Aunt Rose
by Bob Schwartz
My Aunt Rose has died.
Aunts and uncles are a unique category. In most cases, but not all, they are not quite as close as parents, but in other ways more fun, interesting, exciting, understanding, and comforting.
My uncle Herbie died too soon, many years ago. That was long before blogs or any of my family chronicles. Maybe this will prompt me to finally get around to his stories, which are worthy of a novel, but for now, this is Rose’s moment.
My family was large above my parents’ generation. They grew up with a big circle of aunts and uncles and seemingly dozens of cousins. But my parents themselves had only one sibling apiece, and on top of that, my father was estranged from his brother. So I really had only one aunt and uncle. But given how special they were, that was enough.
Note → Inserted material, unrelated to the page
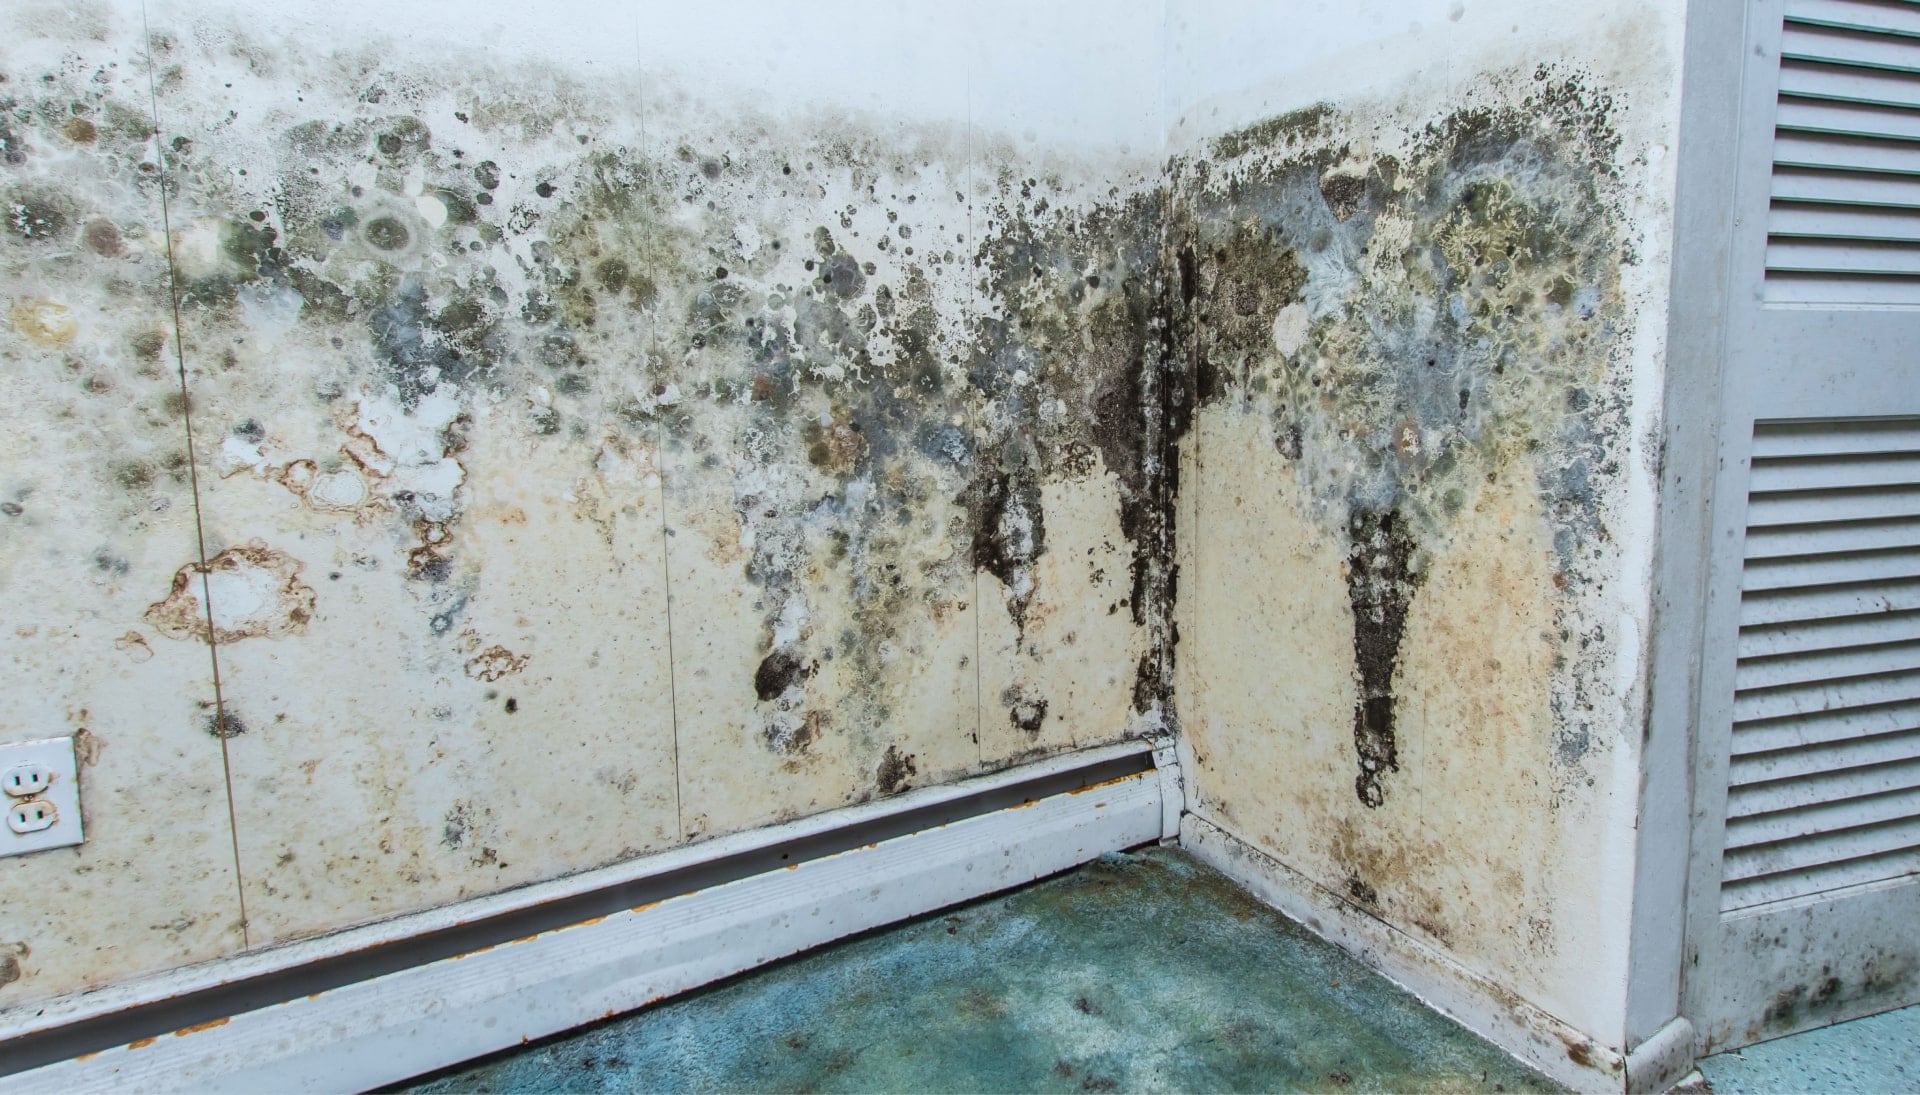 Professional mold removal, odor control, and water damage restoration service in The Villages, Florida.

Special, and beautiful. That would be my aunt. Herbie was beautiful inside, my Mom’s deservedly adored baby brother, but I’m not sure how he would have done in a beauty contest. Rose was maybe the first stunningly gorgeous woman I had ever been close to (not that my Mom was shabby, of course). Her parents were Mexican, gracious and sweet, and her mother was just as striking. That heritage would be the source of its own tsuris (Yiddish for “trouble”), as my grandparents refused to accept her into the family for years—even though the couple lived blocks away.
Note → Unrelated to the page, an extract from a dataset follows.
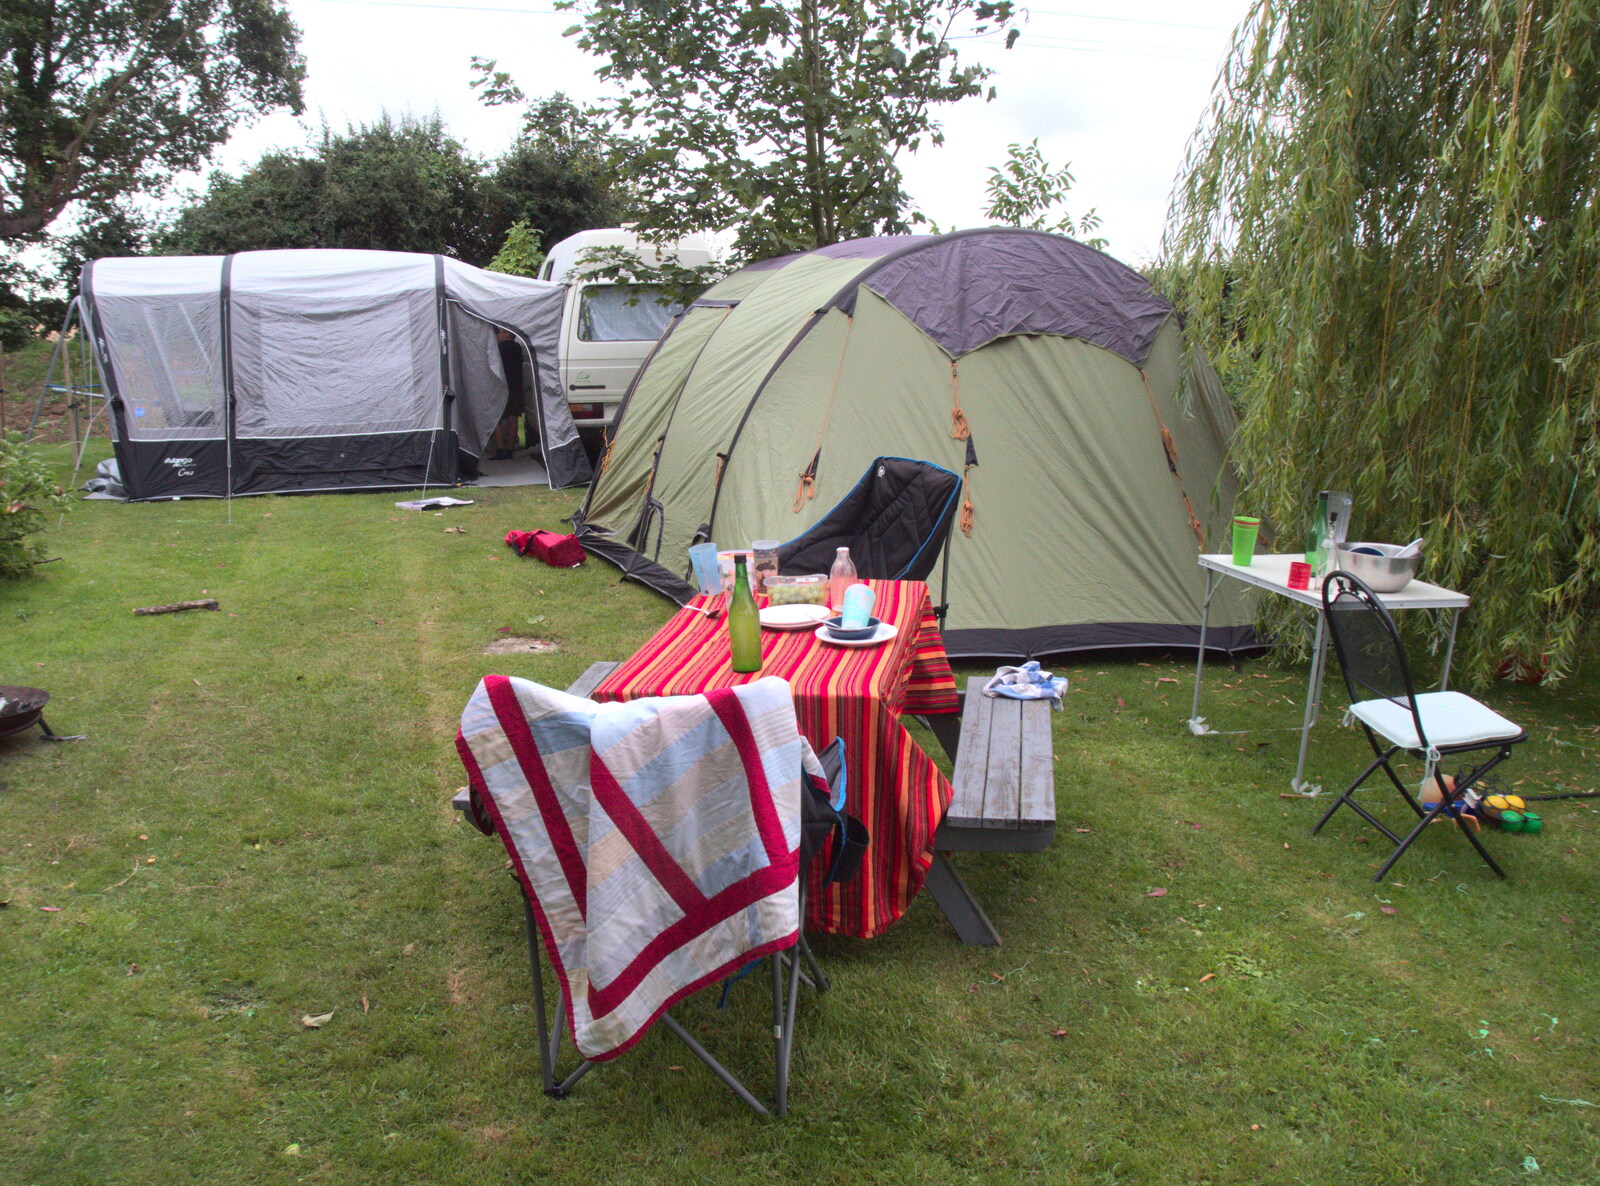 Tents in the garden from The BSCC at Redgrave and Station 119, Eye, Suffolk - 17th July 2020

There is no paradise on earth. A nephew has a different and less tense or intense experience of an aunt than her children do, just a grandparents look more ideal to grandchildren than to the parents in the middle. When I grew up, Rose looked and acted like an angel to me. An angel she was, and still is.
I can relate, and just started a blog here to chronicle my grieving process.. Much love and good mourning. :)
That was a lovely tribute. And you’re right, she’s beautiful. I’m guessing because it was a fitting representation of her insides :) Thank you for sharing.